Com mil possibilidades de realização que a vida nos dá, quando a aposentadoria surge, encontramo-nos livres de horário, sem destino e sem chapéu. No passado, era moda os homens usar chapéu quando saíam para trabalhar. Naquela época, o chapéu era um símbolo de responsabilidade. Hoje é diferente, tem até chapéu de aposentado. Chapéu panamá, no passado, restrito aos homens, hoje é usado também pelas mulheres.      
Possibilidades existem, sim, o importante é acionar o destino, esse caprichoso condutor de almas, transformando as  possibilidades em probabilidades. Os sonhos estão aí.
Retratamos duas trajetóras distintas em Minas Gerais ao focalizar situação de dois servidores que se aposentaram de repartição pública (nome que se dava a quem trabalhava em autarquias, ministérios, estatais) e relembramos agora, para finalizar, o comentário que fizemos da música En Aranjuez con tu amor, título de nossa crônica de 7/10/2014:
A letra é derramada em lirismo que nos remete a imagem ideoplástica em que há um rumor de fonte de cristal irradiando uma frequência de onda chegando junto a rosas do jardim. Há folhas secas no chão que também está envolvida no sussurrar da fonte, atingindo as lembranças de um romance que acabou e parece reviver nessa onda.
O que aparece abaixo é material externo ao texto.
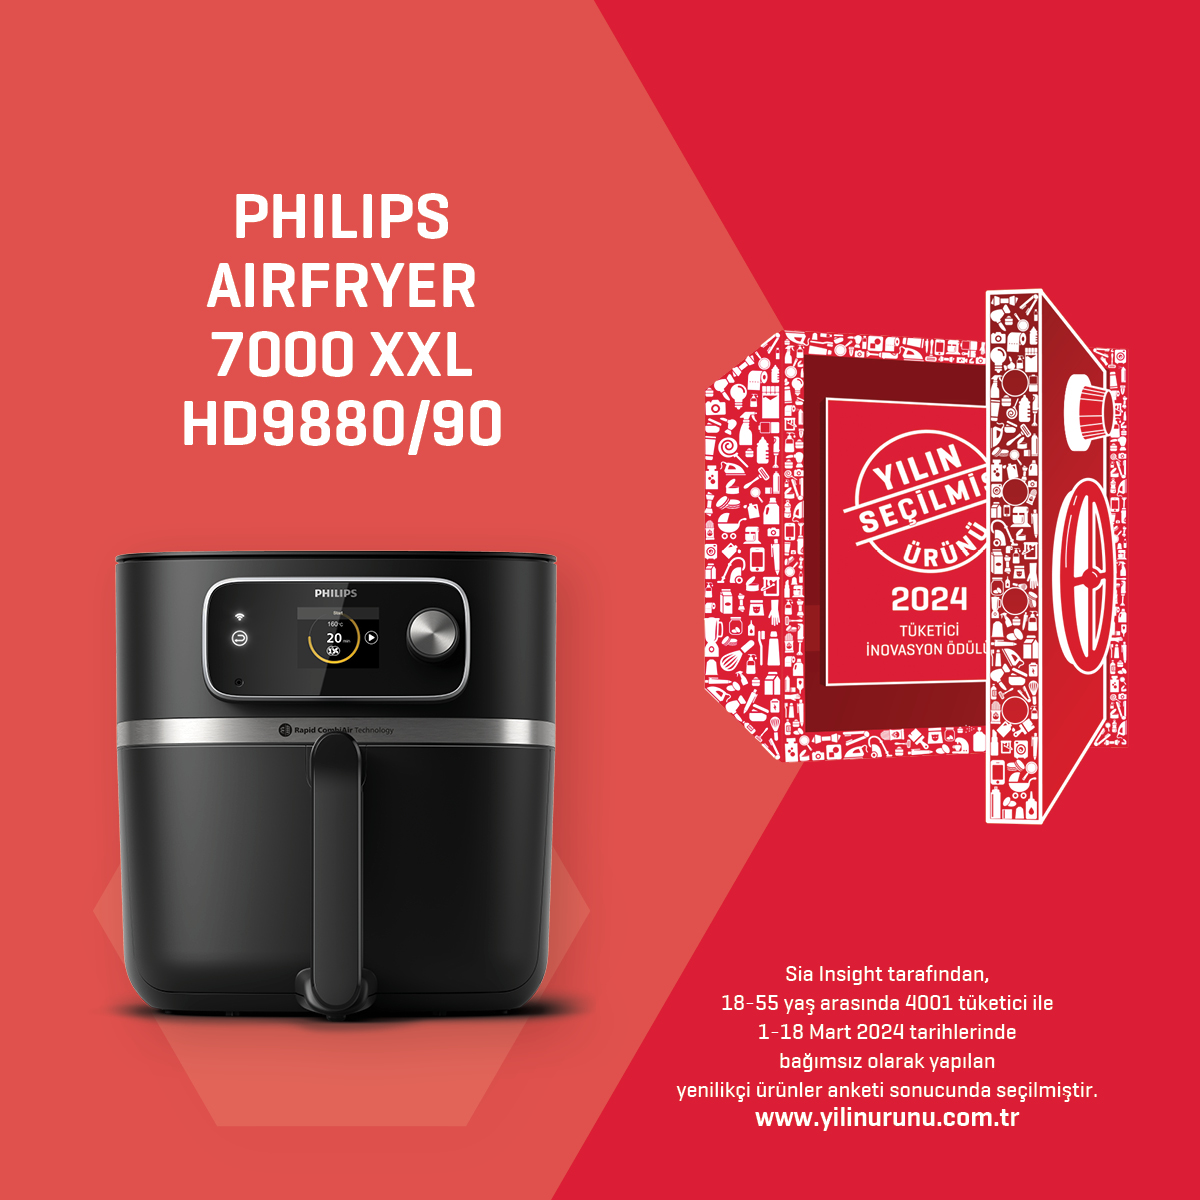 Philips Airfryer 7000 XXL HD988090
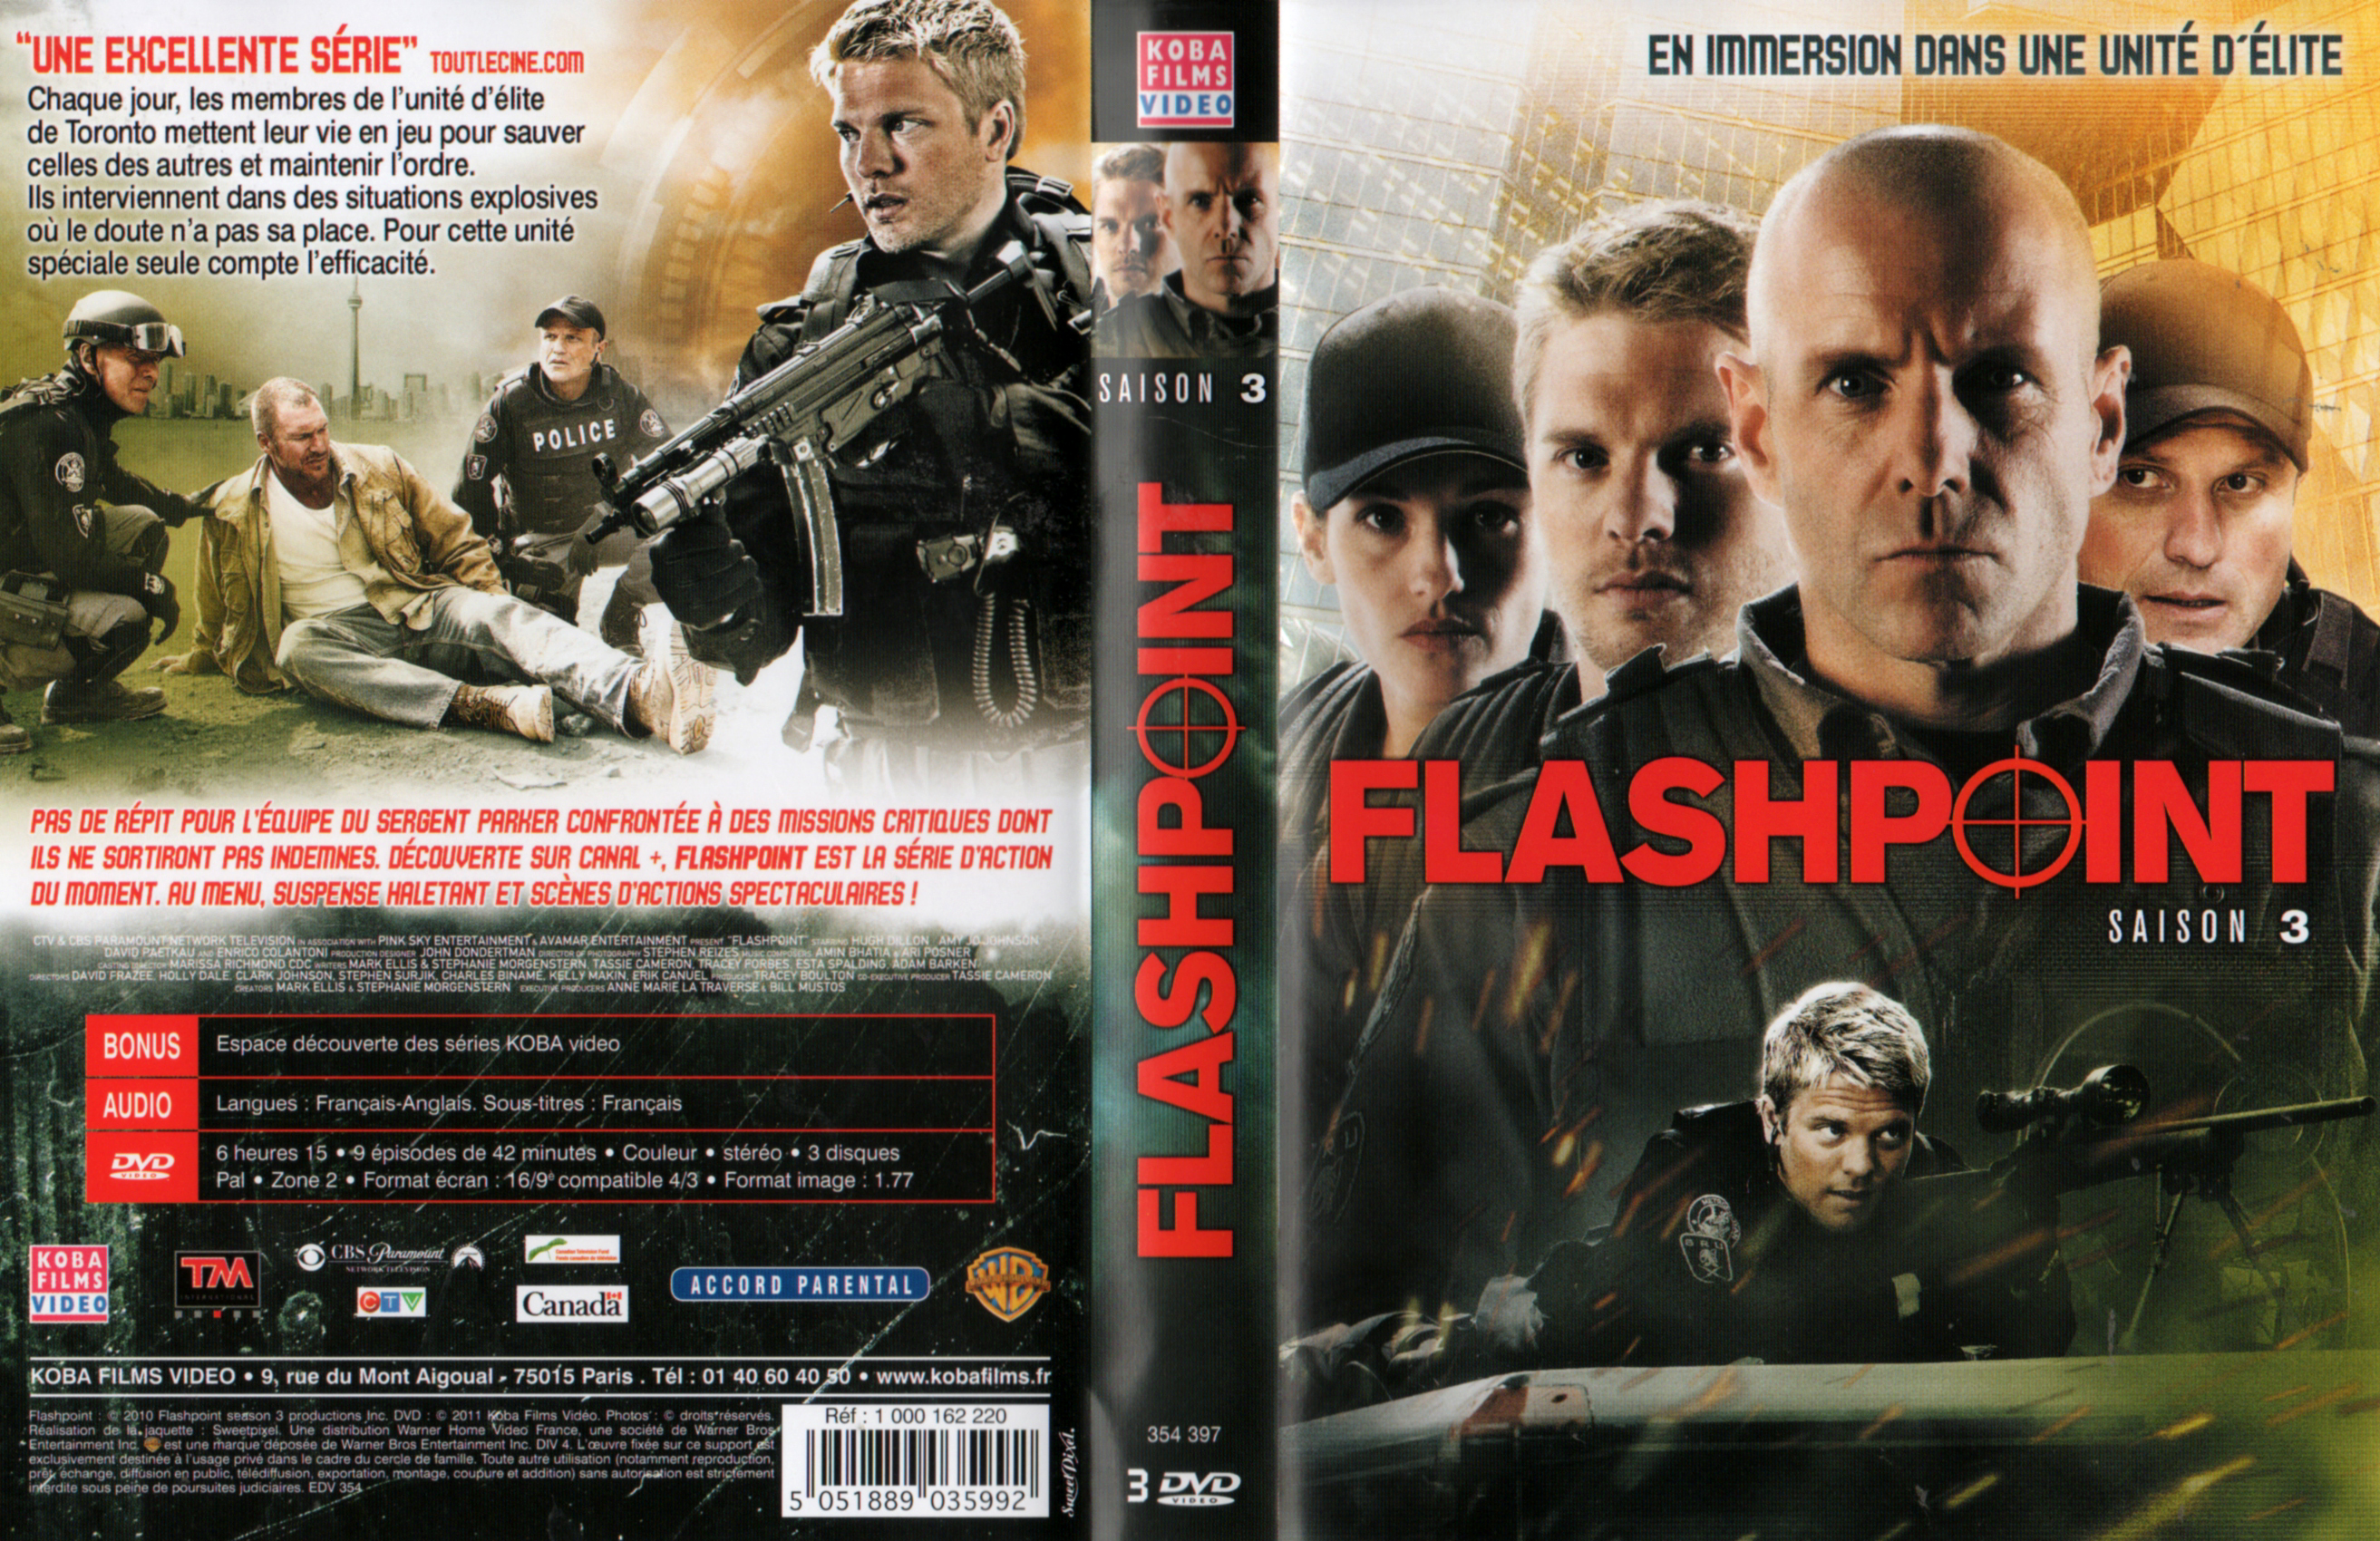 Jaquette DVD Flashpoint Saison 3 COFFRET

A letra da canção enfatiza: “talvez esse amor esteja escondido em um pôr do sol, na brisa ou em uma flor à espera de seu retorno.” Olha aí o colapso da função de onda de Schrödinger. Pensando nos Jardins de Aranjuez, Joaquin Rodrigo escreveu esse concerto nos idos de 1939, e 52 anos mais tarde, ei-lo Comendador recebendo o título de Marquês dos Jardins de Aranjuez, concedido pelo rei Juan Carlos I.
No campo dos sentimentos vemos o amor recrudescendo o passado que ficou guardado no coração. Encontros acontecem com os antigos amores que se separaram por circunstâncias diversas e são identificados entre si como naquele instante em que houve o primeiro olhar. Isto transcende à esfera física, pois em sonhos podemos nos encontrar com os amores de nossas vidas.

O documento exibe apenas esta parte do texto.